The embodiments of the present invention have been described above.
It is needless to say that the present invention is not limited to the above-described embodiments, and can be appropriately modified and implemented within the scope of the present invention.

[0035] For example, in the second embodiment according to the weight of the load, had been selected as appropriate from among the moving speed pattern stored in the storage device 24, control device Ya acceleration by the weight parameter It is also possible to calculate the high-speed magnitude and set the moving speed pattern.

[0036]

As described above, according to the stacker crane according to the first aspect of the present invention, the stacker crane changes the moving speed pattern depending on the presence or absence of the load detected by the load detecting means. The transport time can be reduced as compared with the case of an actual load, so that the cycle time can be shortened. Also responds to maximum speed
The operation delay means delays the operation of the forced stop means.
So that you can drive at maximum speed for as long as possible.
The transport time can be shortened.
Wear.

According to the stacker crane according to the second aspect of the present invention, the weight detecting sensor detects the weight of the load in addition to the presence or absence of the load, and sets the moving speed pattern according to the weight of the load. The minimum transport time can be obtained as long as the collapse does not occur, so that the transport time for an actual load can be reduced, and the cycle time can be reduced.

[0038]

[Brief description of the drawings]

FIG. 1 is a first view of a stacker crane according to the present invention.
It is an outline top view showing an automatic warehouse including an example.

FIG. 2 is an enlarged perspective view showing a lifting platform portion of the stacker crane according to the first embodiment.

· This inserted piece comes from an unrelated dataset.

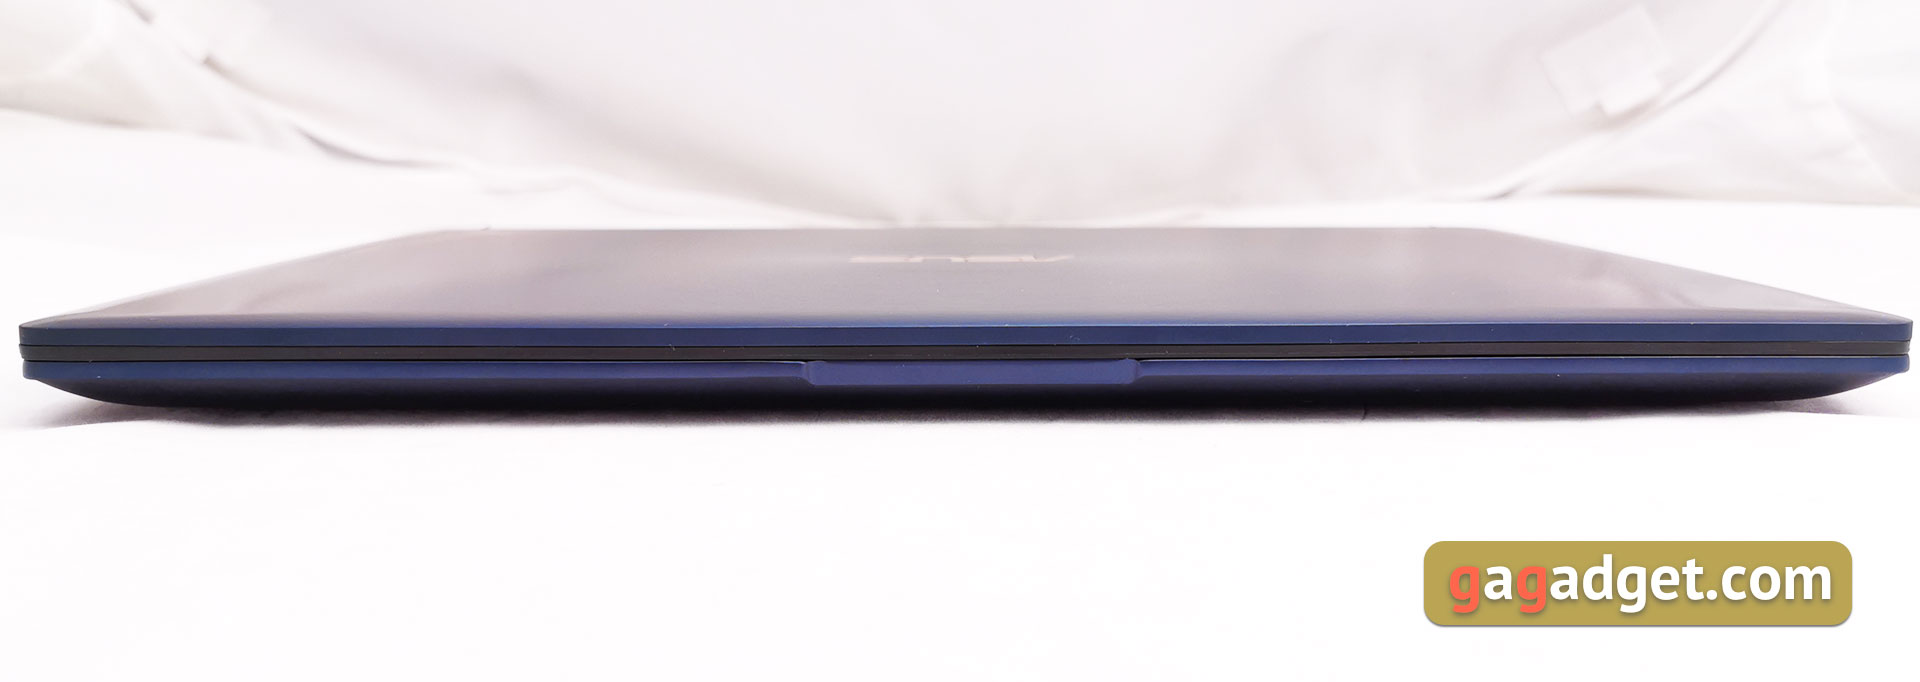 Przegląd ASUS ZenBook 13 UX333FN: mobilność i wydajność-12

FIG. 3 is a block diagram showing a main part of a control structure of the stacker crane of the first embodiment.

FIG. 4 is a flowchart illustrating a control process of the stacker crane according to the first embodiment.

FIGS. 5 (a) and 5 (b) are diagrams showing speed-time relationships showing traveling speed patterns of traveling and lifting / lowering in the first embodiment, respectively.

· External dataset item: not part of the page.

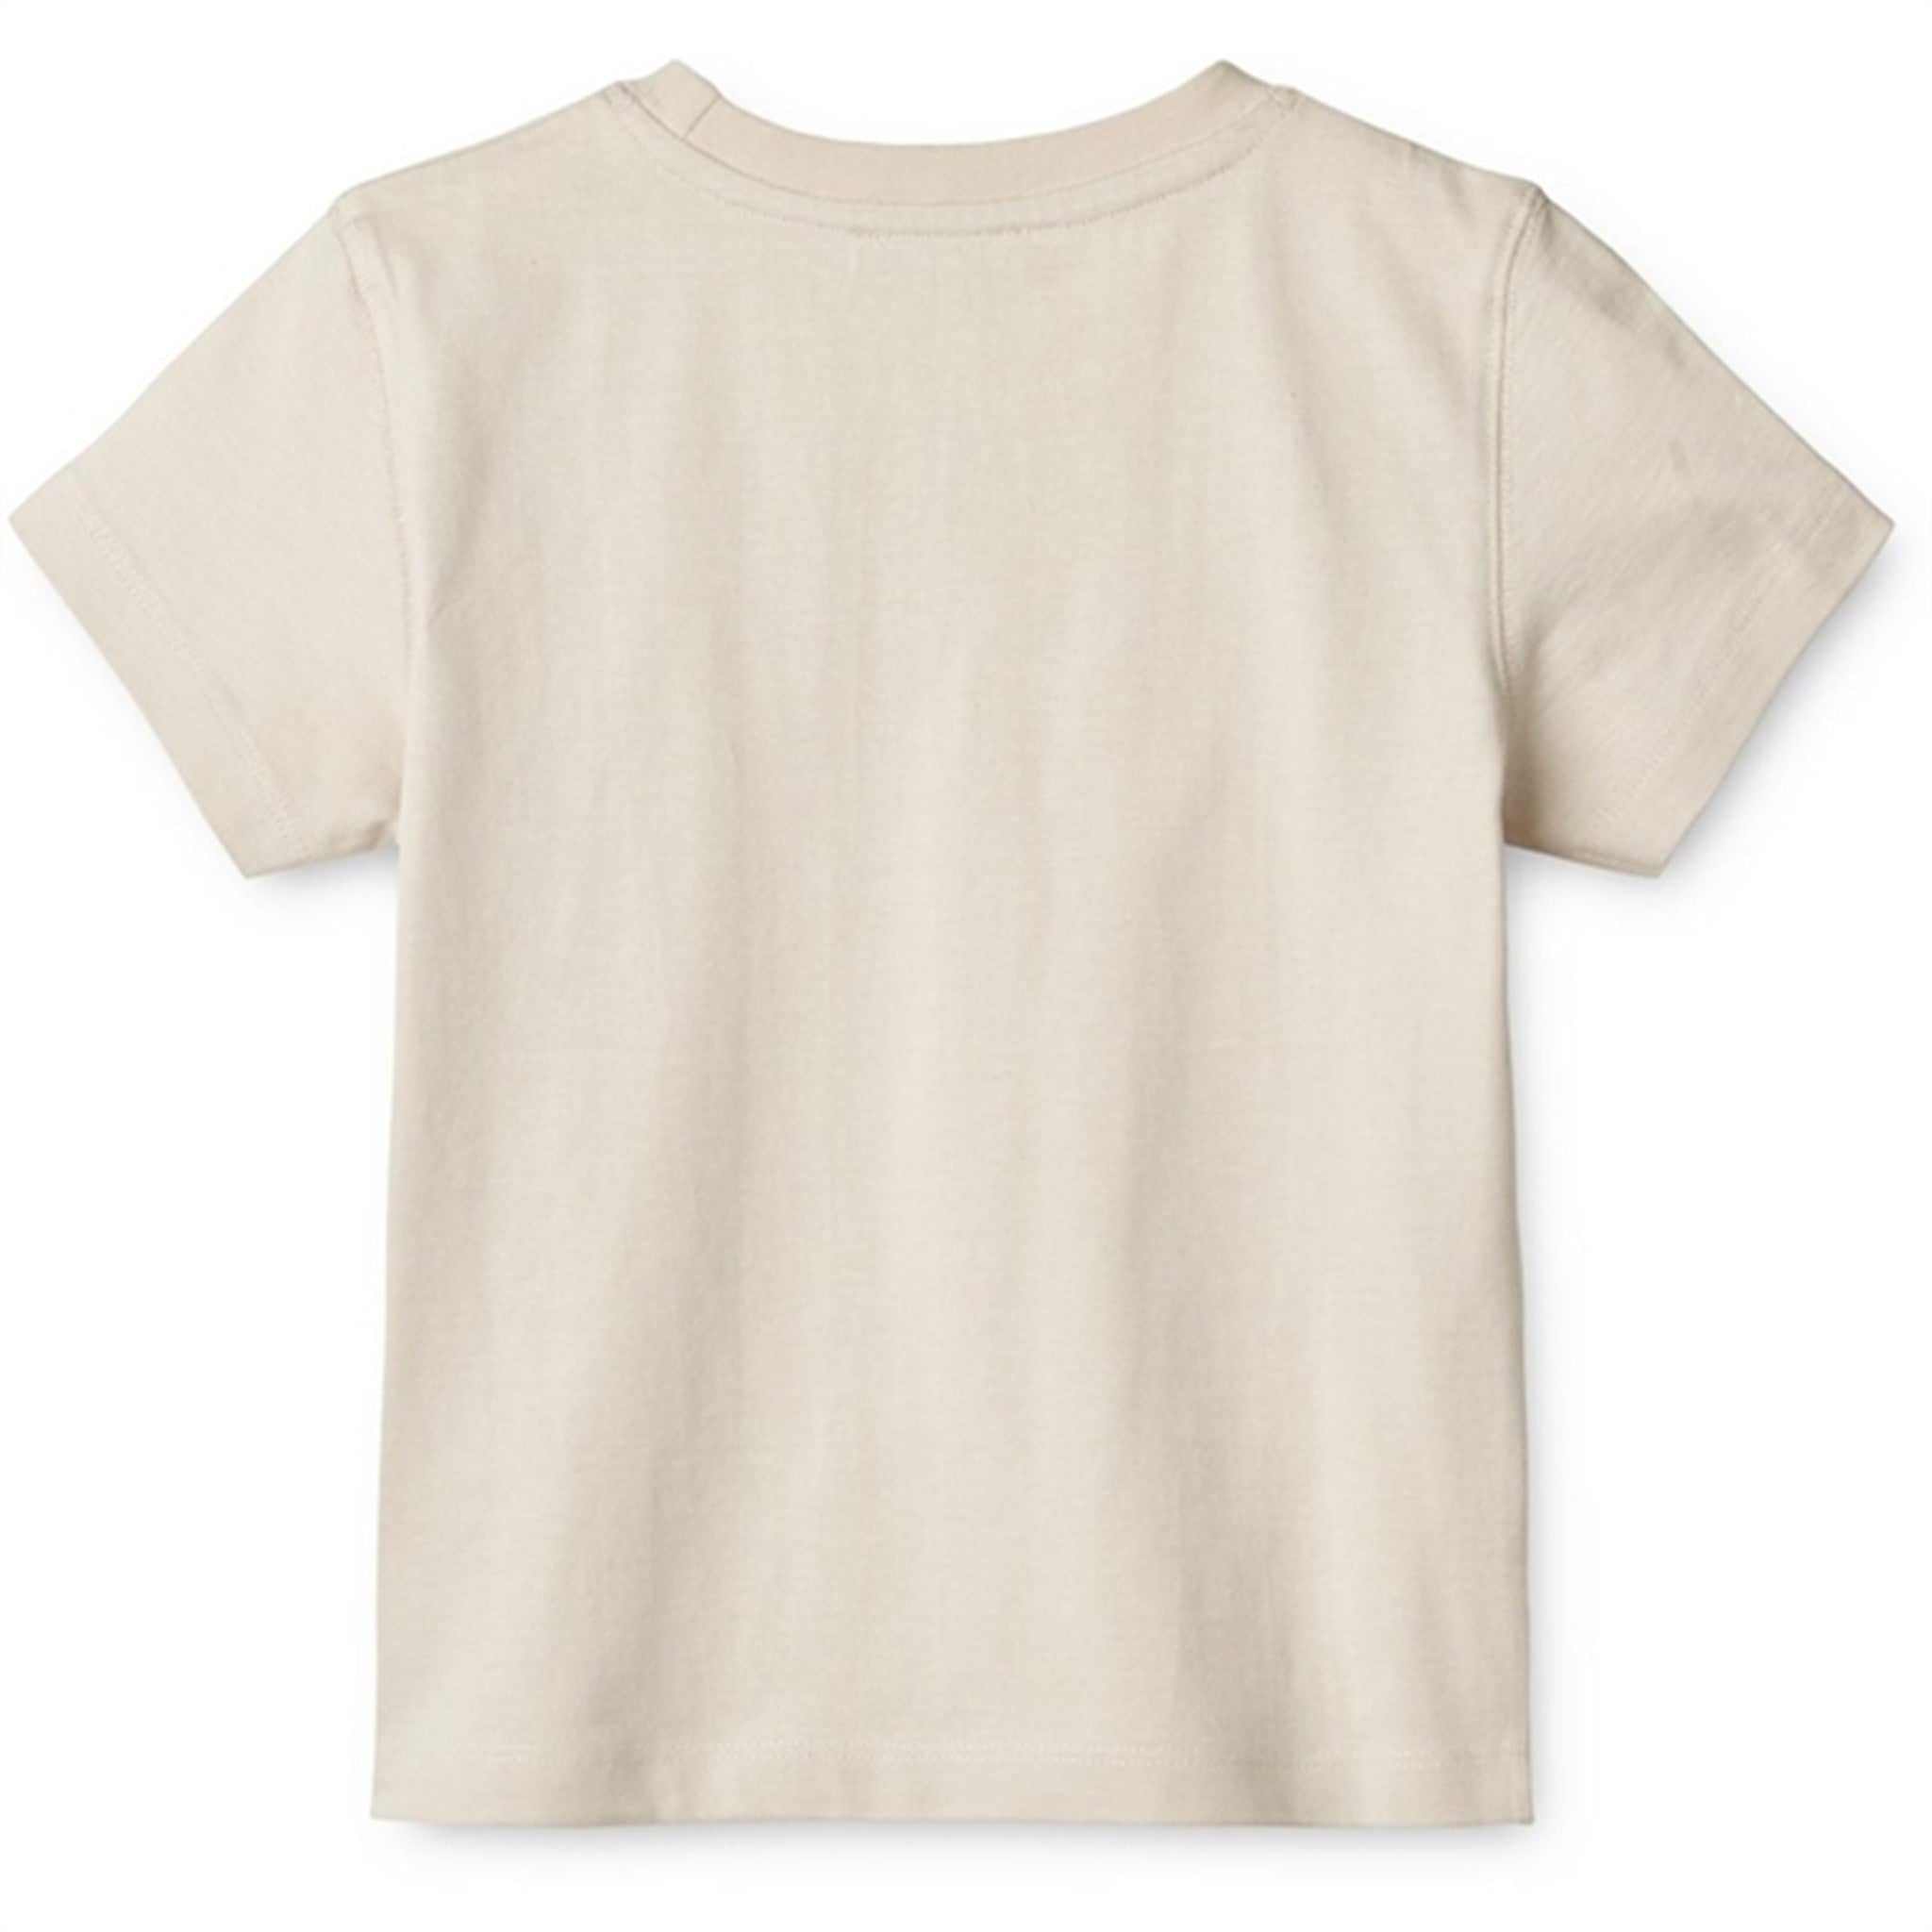 Liewood Liewood/Sandy Sixten Placement T-shirt 2

FIG. 6 is a diagram illustrating a speed-time relationship showing a state of deceleration after detecting a forced deceleration dock.

FIG. 7 shows a second embodiment of the stacker crane according to the present invention.
It is a perspective view which shows the elevating platform part of an Example.

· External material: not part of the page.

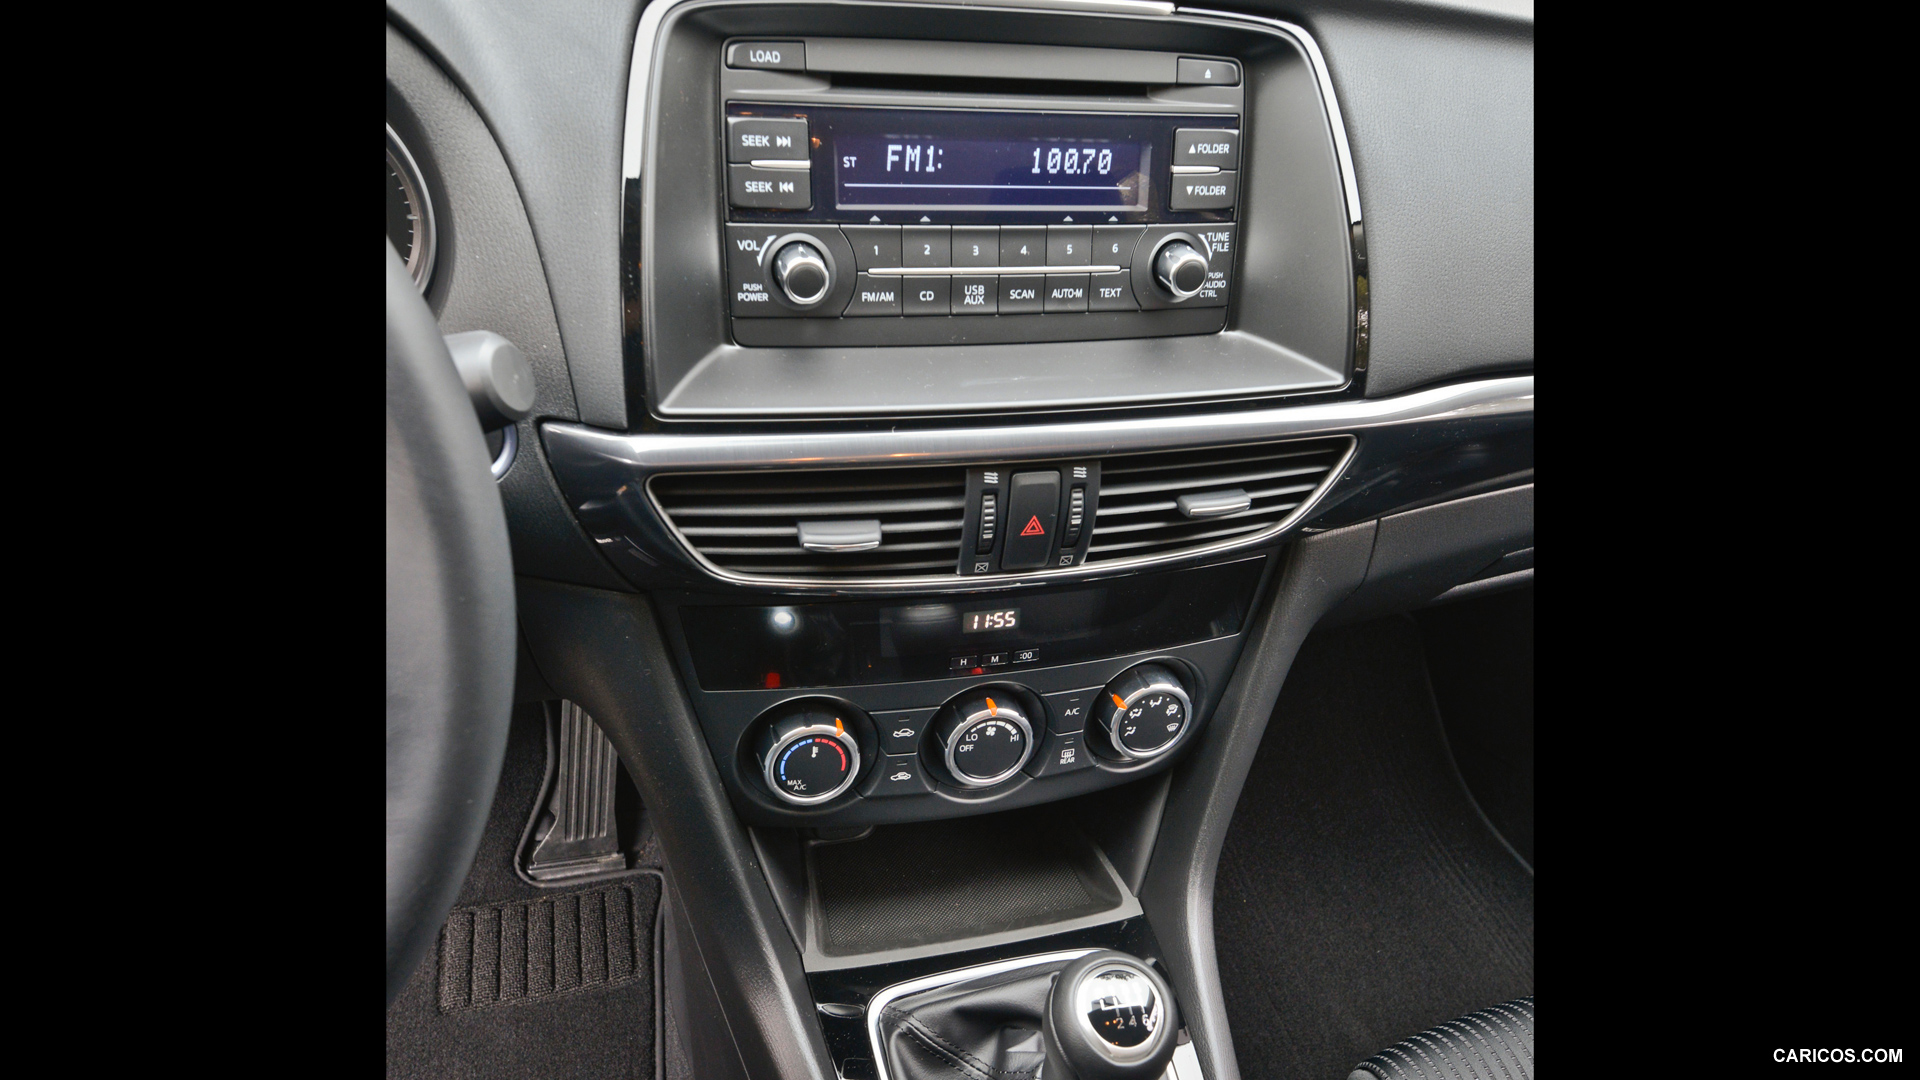 2014 Mazda6 Sport - Central Console, #96 of 179

FIG. 8 is a block diagram showing a main part of a control structure of a stacker crane according to a second embodiment.

FIG. 9 is a flowchart illustrating a control process of the stacker crane according to the second embodiment.

FIG. 10 is a diagram showing a speed-time relationship showing a traveling speed pattern of traveling and elevating in the second embodiment.

[Explanation of symbols]

 DESCRIPTION OF SYMBOLS 1 Rack series 2 Stacker crane 5 Traveling trolley 7 Elevating platform 8 Fork 9 Control device L Optical axis W Load

Claims (2)

(57) [Claims] 1. A load detecting means for detecting the presence or absence of a load on a stacker crane, and an appropriate moving speed pattern of the stacker crane is set according to a signal from the load detecting means.
Control means for operating the stacker crane based on the set moving speed pattern, and a traveling route of the stacker crane
Forced deceleration docks located near both ends of the
Forcibly stopping the stacker crane
And according to the maximum speed of the set moving speed pattern,
Travel an appropriate distance from the position where the forced deceleration dock was detected
A stacker crane comprising: operation delay means for causing the forced stop means to start deceleration after the operation . 2. The load detecting means is a weight detecting sensor capable of outputting a continuous value in accordance with the weight of the load, and said control means controls the moving speed pattern in a plurality of steps according to the value from the weight detecting sensor. 2. The stacker crane according to claim 1, wherein the stacker crane is set by selecting from a pattern or by continuously changing the pattern.